I have a large dataset (10.000+ columns and 4000 rows), filled with Strings represented as 0’s and 1’s only.
Now I’d like to remove every column that contains less than a certain amount of 1’s (less than 10% or less than 400 occurences for example).
Is there a node that does what I’m looking for?
to me it looks a bit odd to have more colums than rows… so if possible and reasonable a pivot might be helpful…
then I would recommend to have the 0 and 1 imported as numbers not as string… or to convert them to numbers with the node “string to number”… maybe in a loop if it is so huge…
once converted you can do a group by and calculate the sum…
knowing the total rows (count) and having the sum, gives you the relation of how many 1 are in the column…
and therfore you can filter out the columns that have less than 10% of total or less than 400 as you like…
I hoped there was a single node that I simply didn’t find but your answer was really helpful.
Thanks a lot, adaptagis!
Hi @mtest -
If you are able to read your values in as numbers instead of strings, there’s a way to do this using only two nodes. I used a Math Formula (Multi Column) node to divide by the number in each cell. Since dividing by zero produces a missing value, I then used a Missing Value Column Filter node to remove columns with percentage of missing values above a given threshold.

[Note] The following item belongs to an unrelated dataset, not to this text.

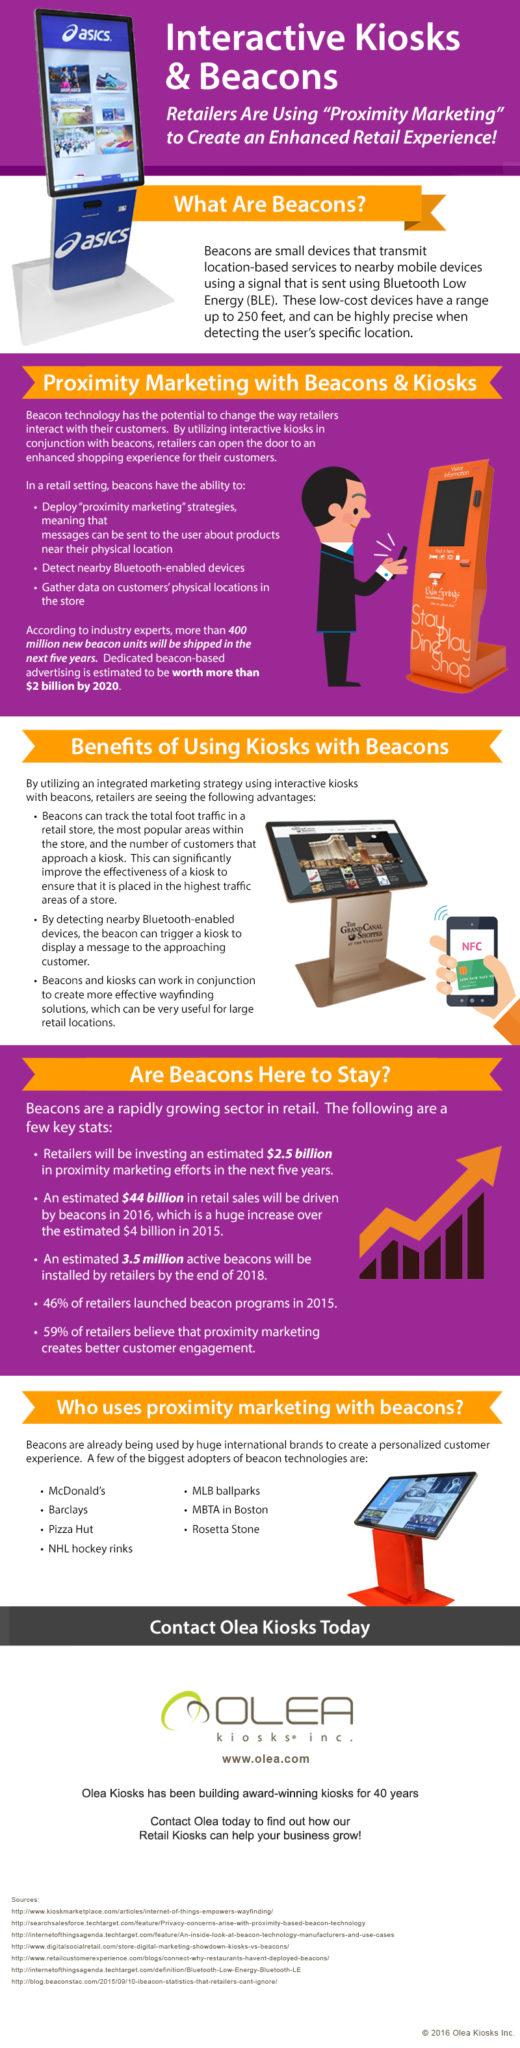 Interactive Kiosks & Beacons for Proximity Marketing

This is very hacky and there’s almost certainly a better way to do it! But maybe it will help you.
MissingValueColumnFilterExample.knwf (8.5 KB)
Testsheet.xlsx (8.7 KB)
It could be slow but try.
- Transpose table.
- Use column aggregator with concatenate.
- String Manipulation with count(concat String, “1”)
- Filter rows with say 400 or higher
- Delete column with counts if necessary
- Transpose table
This topic was automatically closed 7 days after the last reply. New replies are no longer allowed.